** Your instructions **
The whole listing below should be retyped exactly, without any images.

** Given information **
* * *

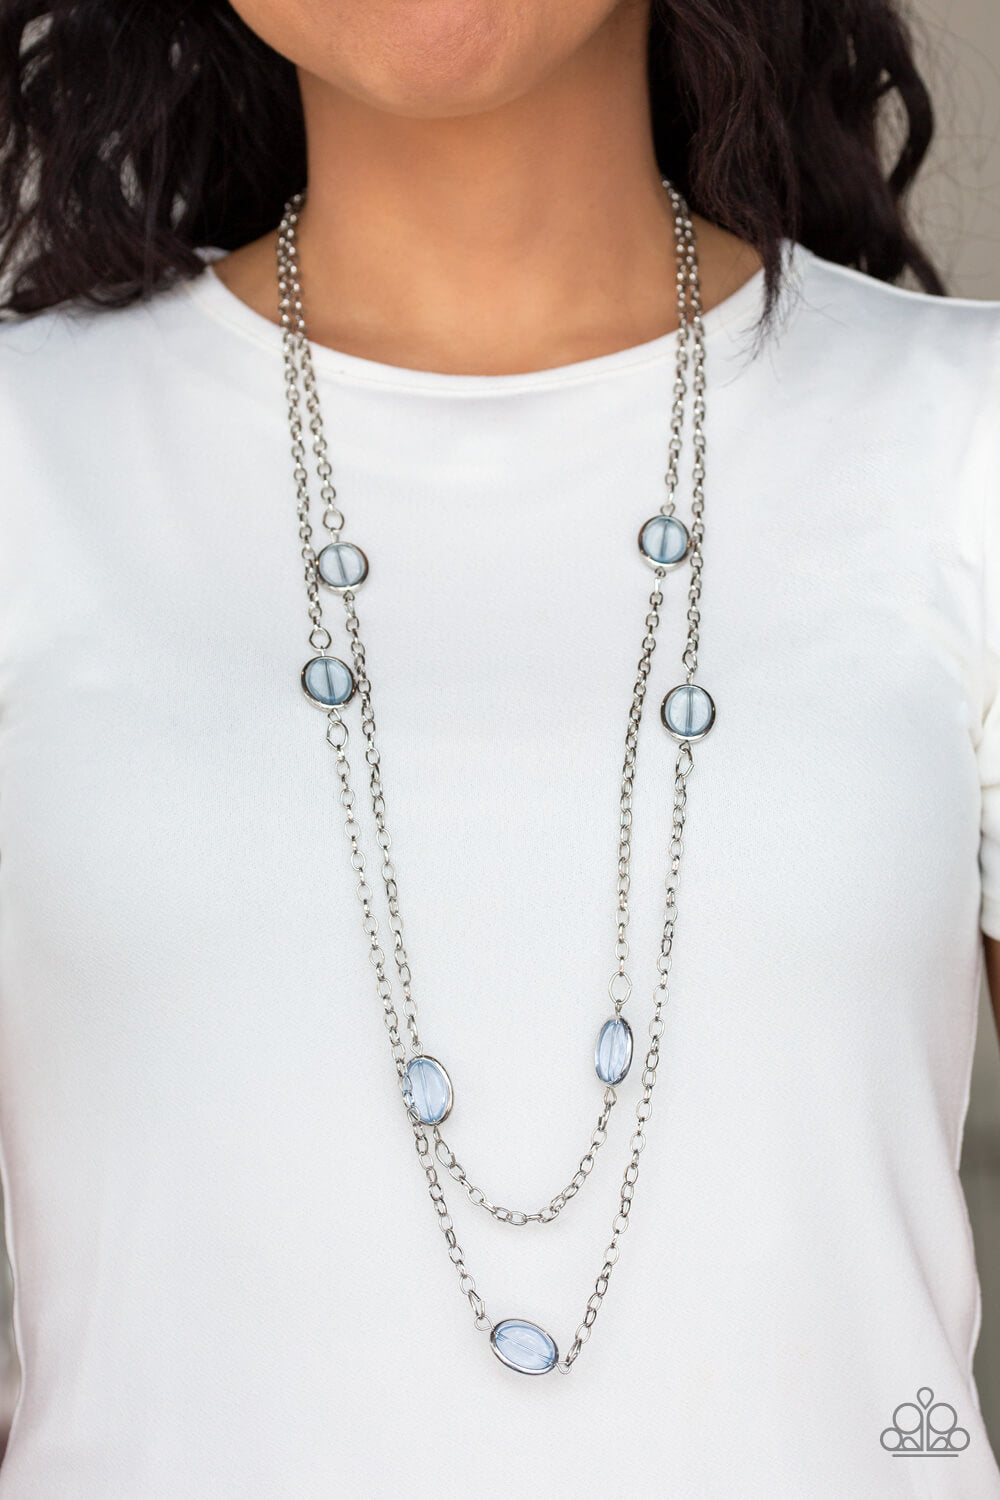 Back For More - Blue Necklace Set - Princess Glam Shop
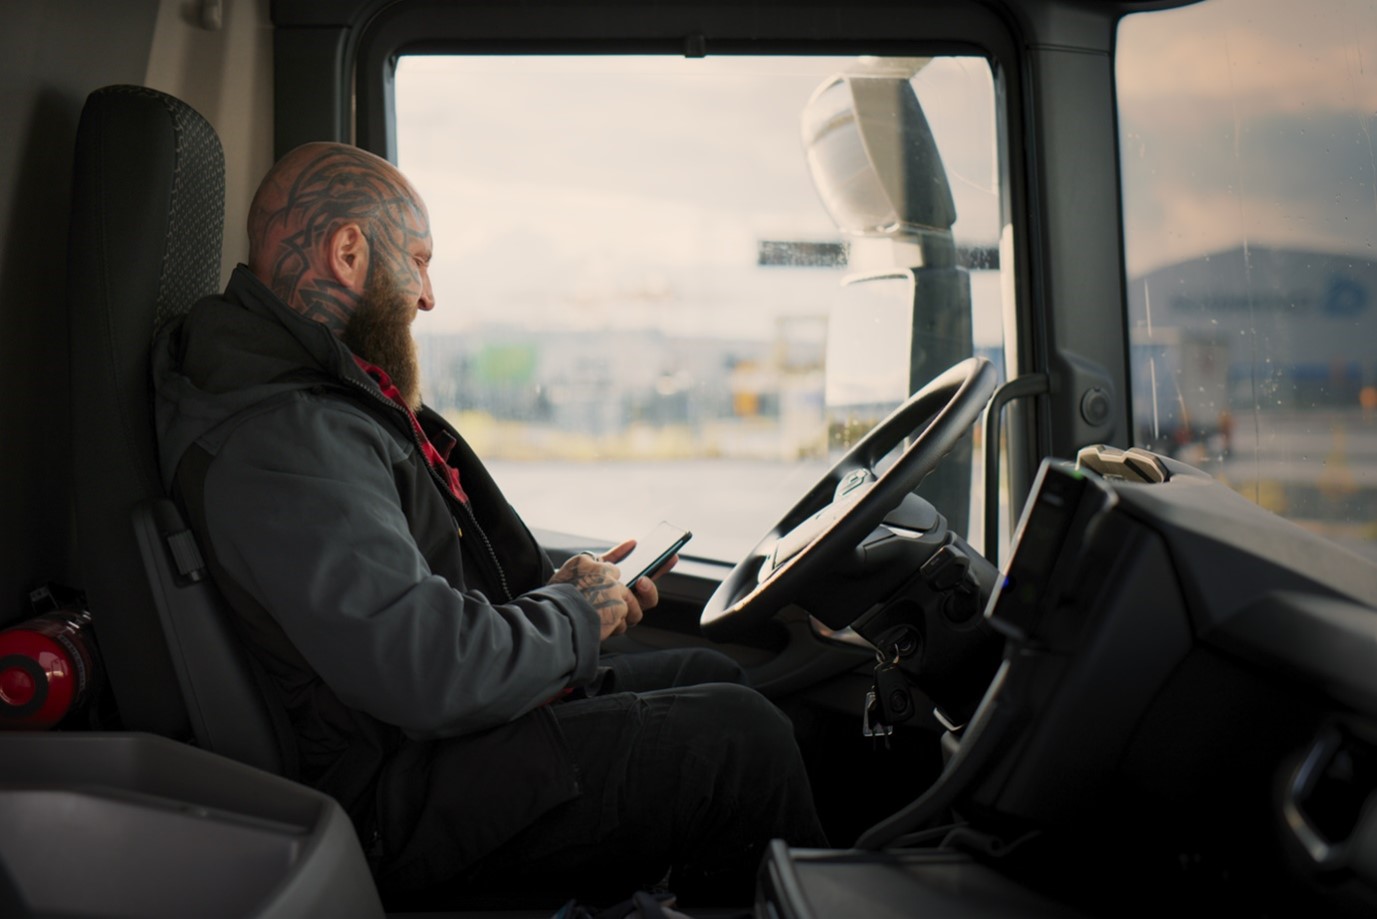 Mies istuu rekka-auton ratissa puhelinta kädessään pidellen.
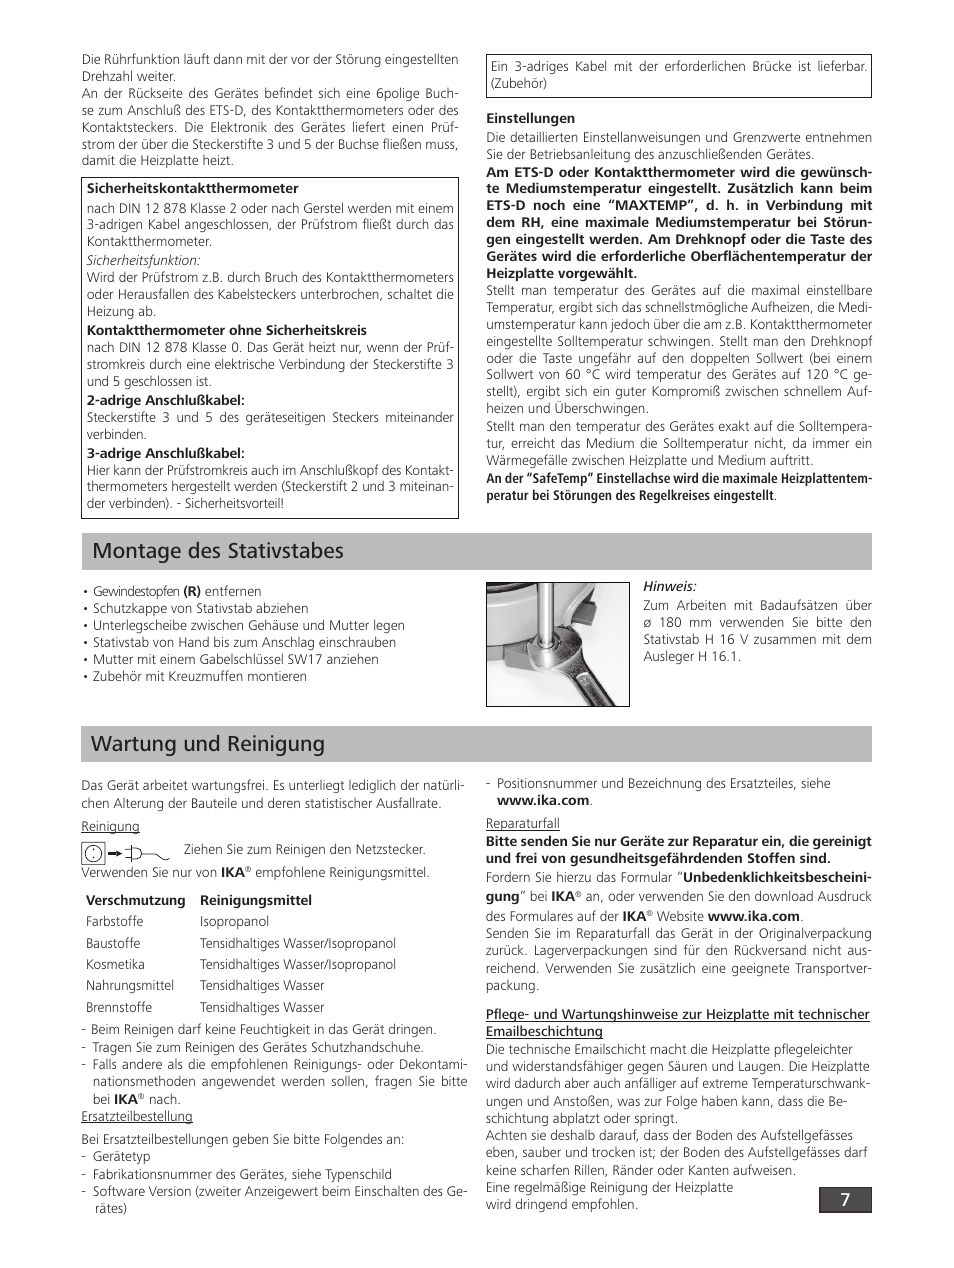 Montage des stativstabes, Wartung und reinigung | IKA RH digital User Manual | Page 7 / 52
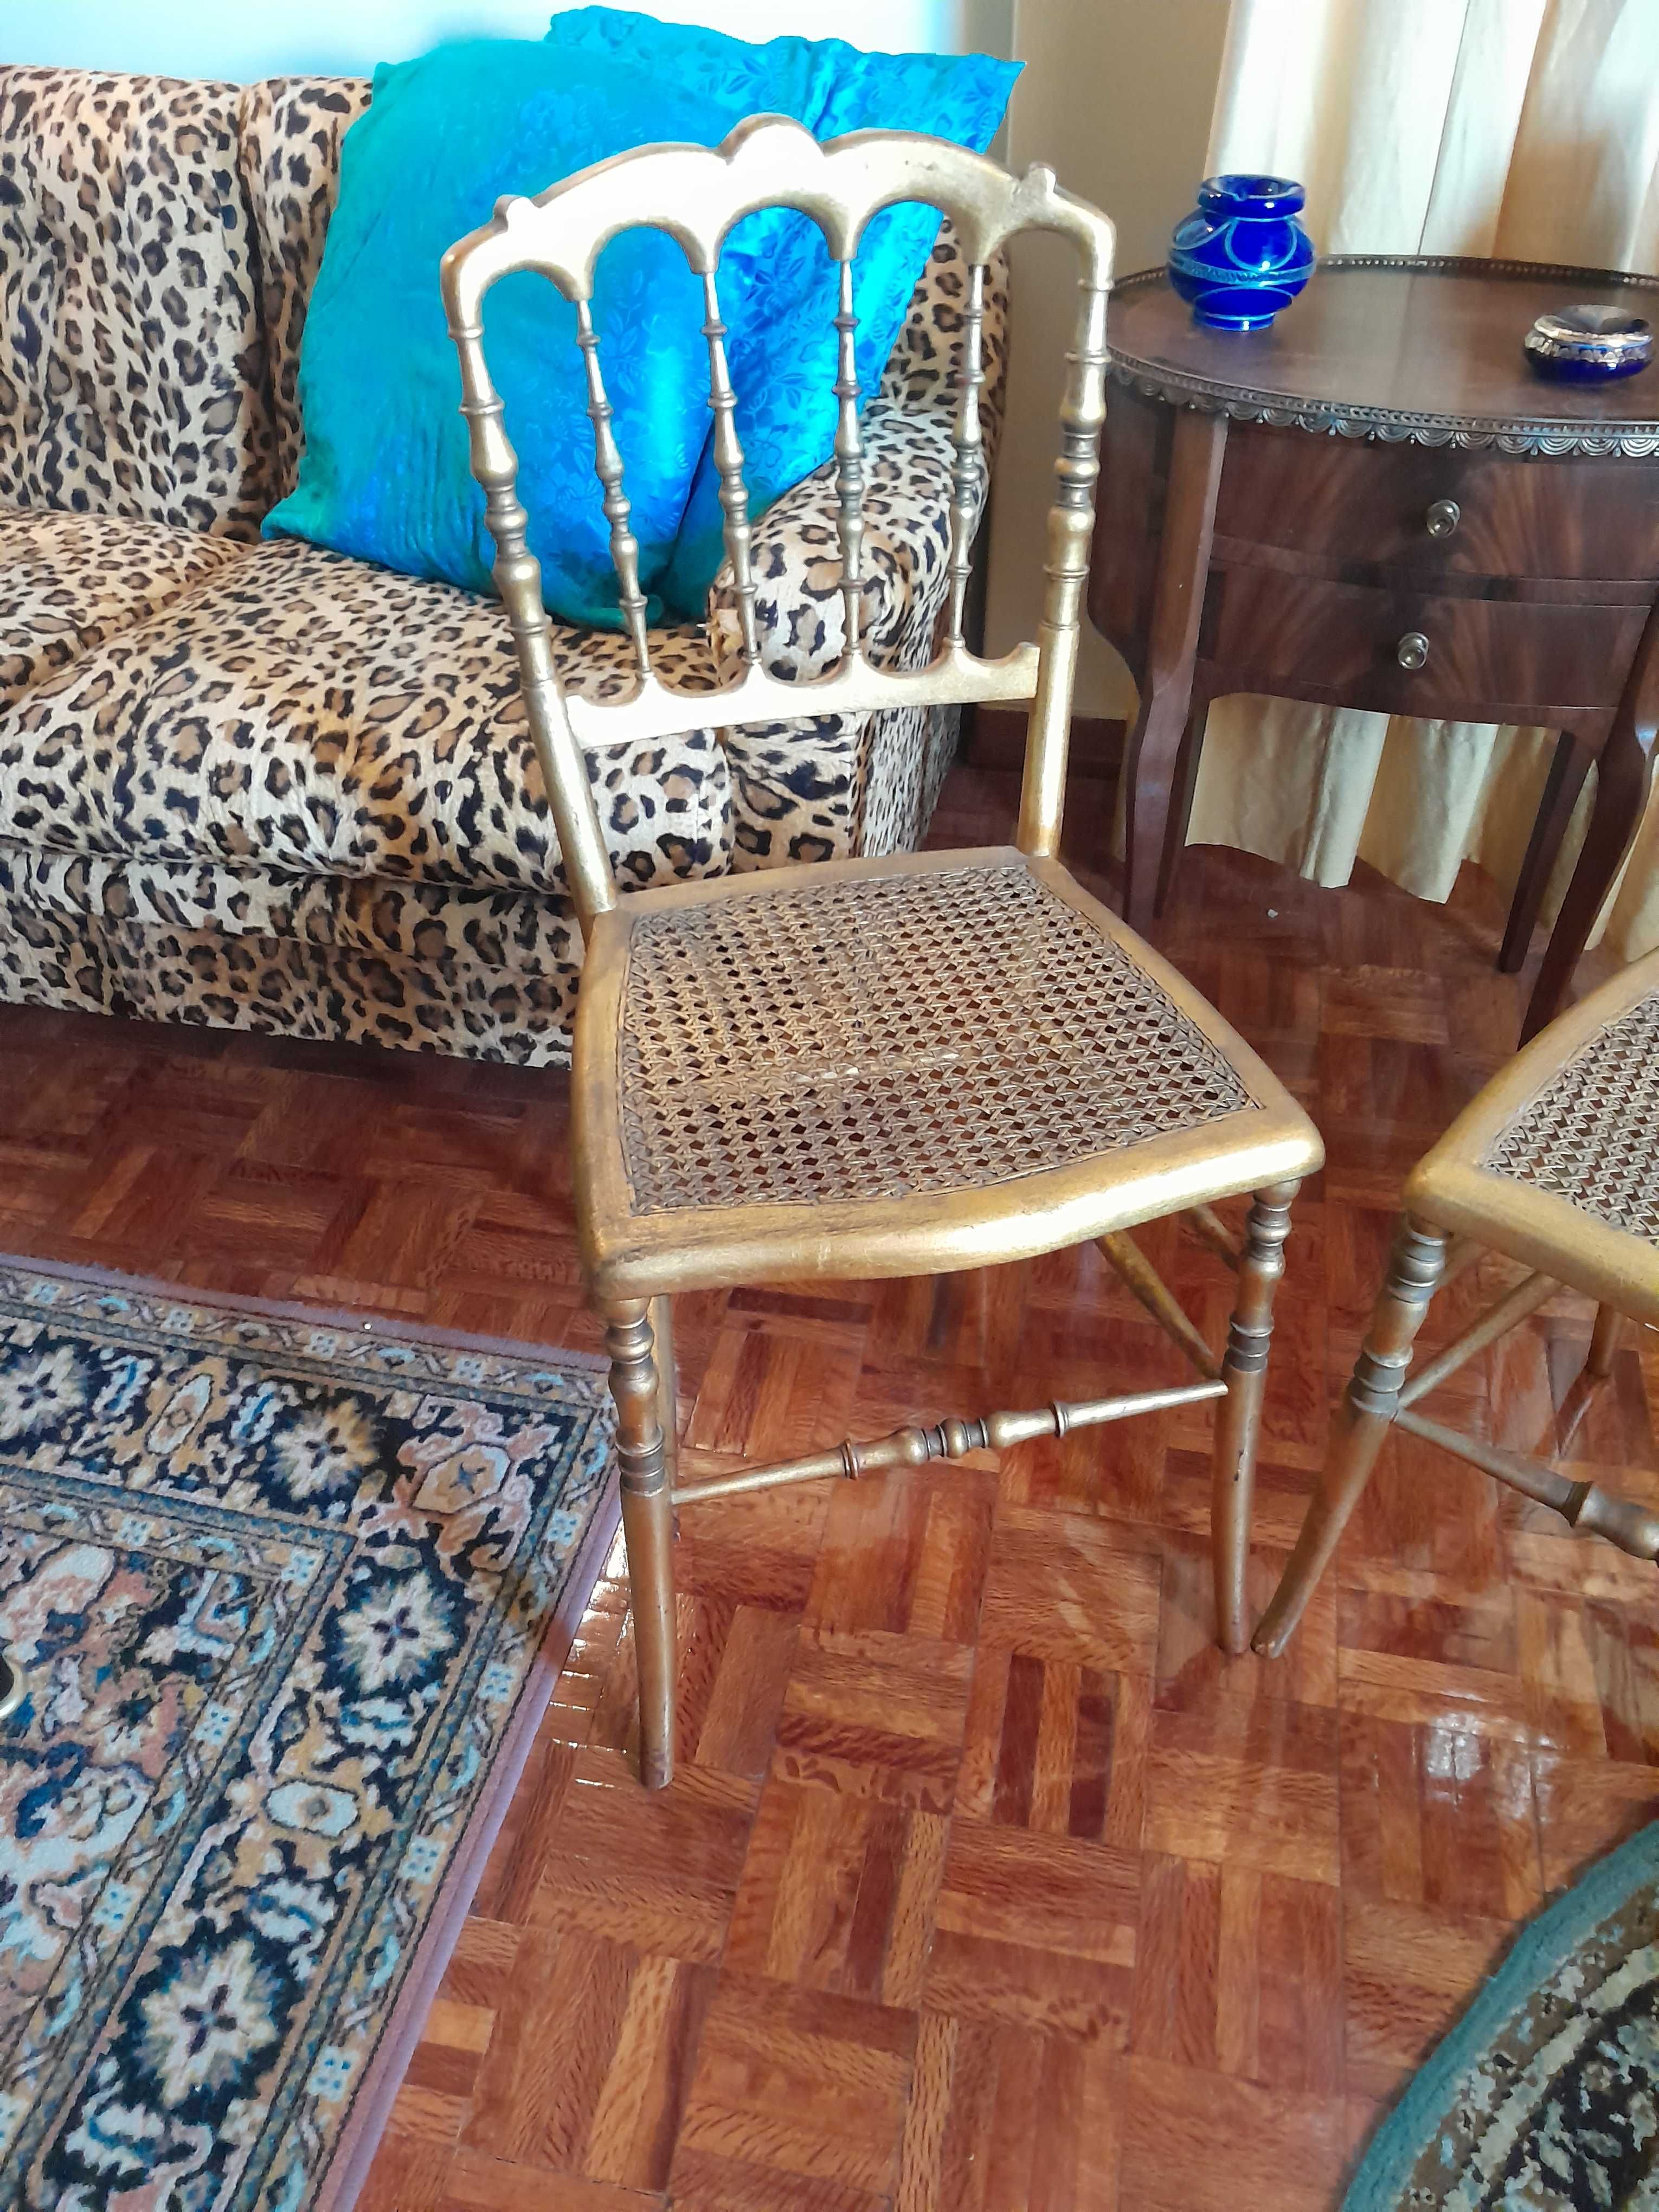 2 cadeiras de palhinha dourada, decorativas. Preço: 50 eur cada.

* * *

** Exercise output **
 Back For More - Blue Necklace Set - Princess Glam Shop
 Mies istuu rekka-auton ratissa puhelinta kädessään pidellen.
 Montage des stativstabes, Wartung und reinigung | IKA RH digital User Manual | Page 7 / 52
 2 cadeiras de palhinha dourada, decorativas. Preço: 50 eur cada.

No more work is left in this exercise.